FedeKD: Energy-Based Gating for Robust Federated Knowledge Distillation under Heterogeneous Settings
Federated Learning
- FedeKD introduces a reliability-aware FKD framework that estimates sample-wise trust in knowledge transfer.
- The framework employs an energy-based gating mechanism to down-weight unreliable knowledge during model updates.
- Extensive experiments show significant reductions in negative transfer while preserving predictive performance.

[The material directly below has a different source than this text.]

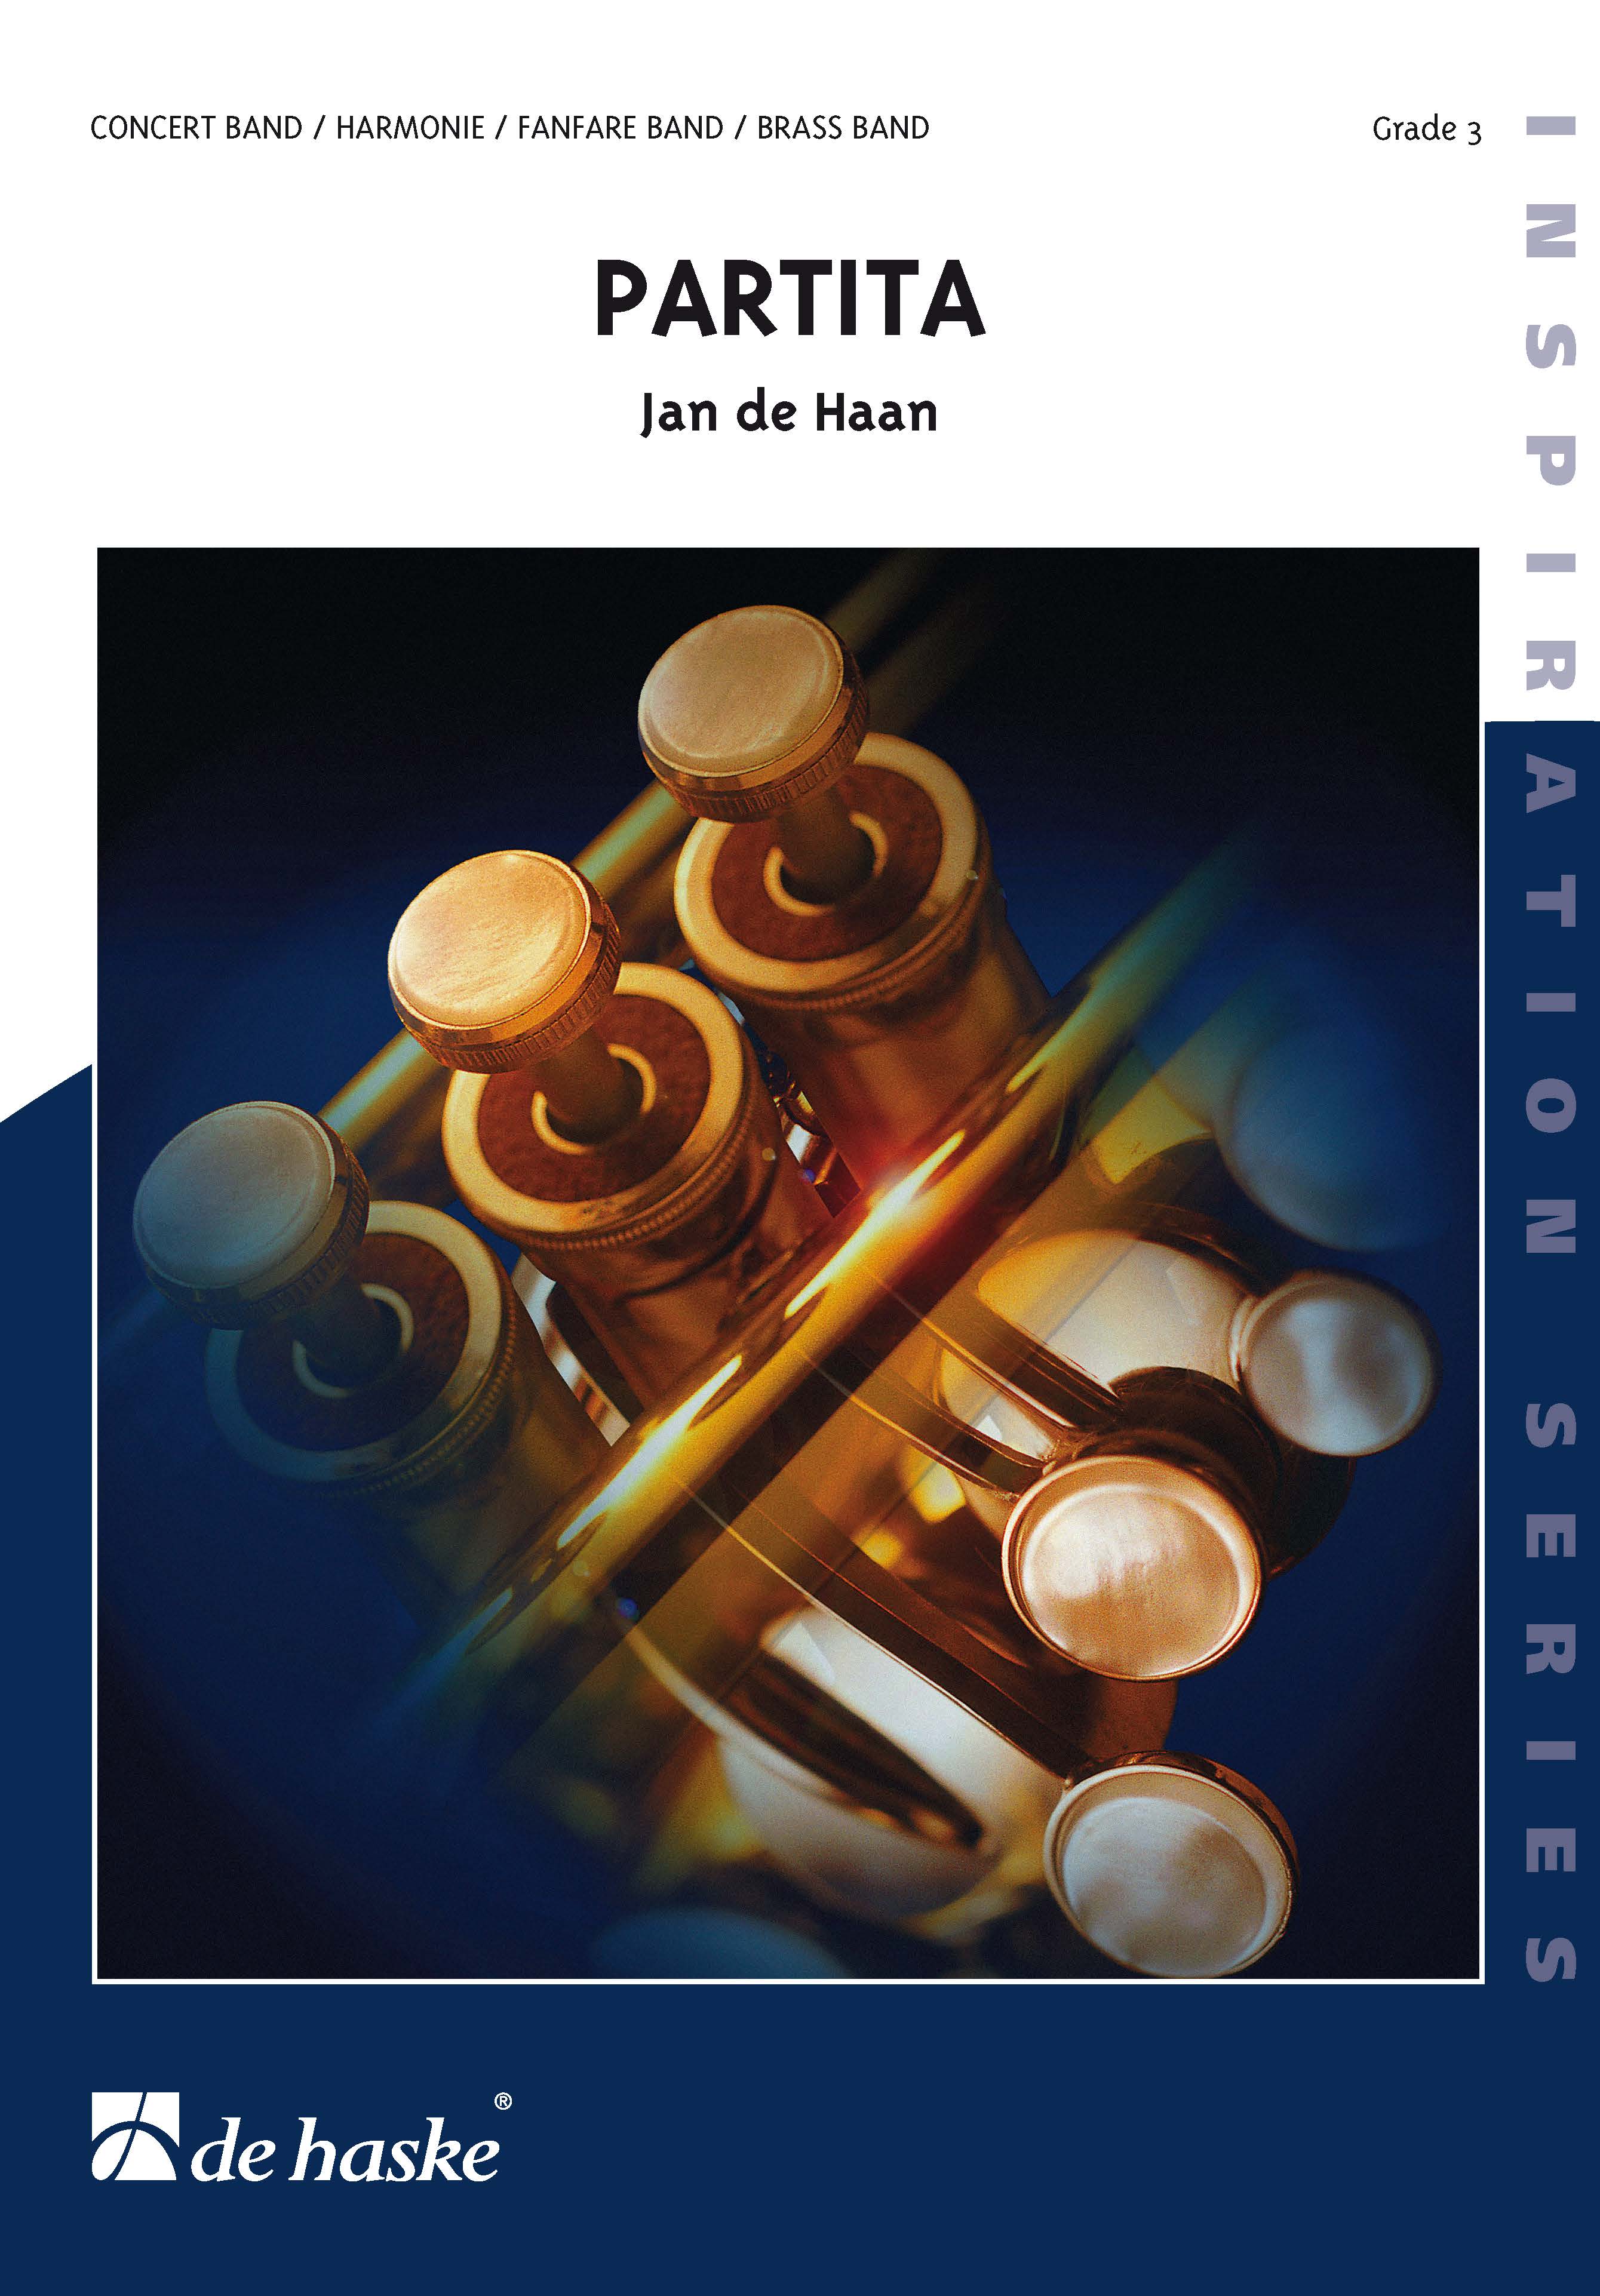 Jan de Haan: Partita: Concert Band: Score & Parts

- FedeKD operates without the need for additional public datasets, enhancing privacy in federated learning.
Read more
FedeKD: Energy-Based Gating for Robust Federated Knowledge Distillation under Heterogeneous Settings
Summary
The paper introduces FedeKD, a novel framework for Federated Knowledge Distillation (FKD) that addresses the challenges posed by heterogeneous environments in federated learning (FL). Traditional FKD methods often assume uniform reliability of transferred knowledge, which can lead to negative transfer when data distributions vary significantly across clients. FedeKD incorporates a reliability-aware mechanism that estimates sample-wise trust in knowledge transfer without relying on external public datasets. Each client utilizes a high-capacity private model for local learning and a lightweight proxy model for knowledge exchange. The framework employs an energy-based gating mechanism that translates the disagreement between private and proxy models into trust weights, allowing for adaptive weighting of knowledge transfer. This approach enhances the robustness of knowledge sharing and mitigates negative transfer by prioritizing reliable samples during model updates. The authors conducted extensive experiments on six real-world datasets, demonstrating that FedeKD significantly improves both average-case and worst-case performance in heterogeneous settings while maintaining strong predictive accuracy.
Methodology
FedeKD operates in two stages: a forward stage where each client distills knowledge from its private model into a proxy model, which is then aggregated on the server to form a global proxy, and a backward stage where the global proxy guides updates of the private model through an energy-gated mechanism. This mechanism uses task-specific private-proxy disagreement to generate continuous sample-wise trust weights, allowing for adaptive knowledge transfer.
Results
The experiments conducted on six real-world datasets demonstrated that FedeKD significantly reduces negative transfer in heterogeneous federated learning environments. The framework maintained strong predictive performance across various scenarios, outperforming existing FKD methods that do not account for knowledge reliability.
Implications
FedeKD has potential applications in privacy-sensitive federated learning scenarios, particularly in domains where data heterogeneity is prevalent. The framework can enhance the reliability of knowledge sharing among clients, making it suitable for various applications in healthcare, finance, and other fields requiring collaborative learning without data sharing.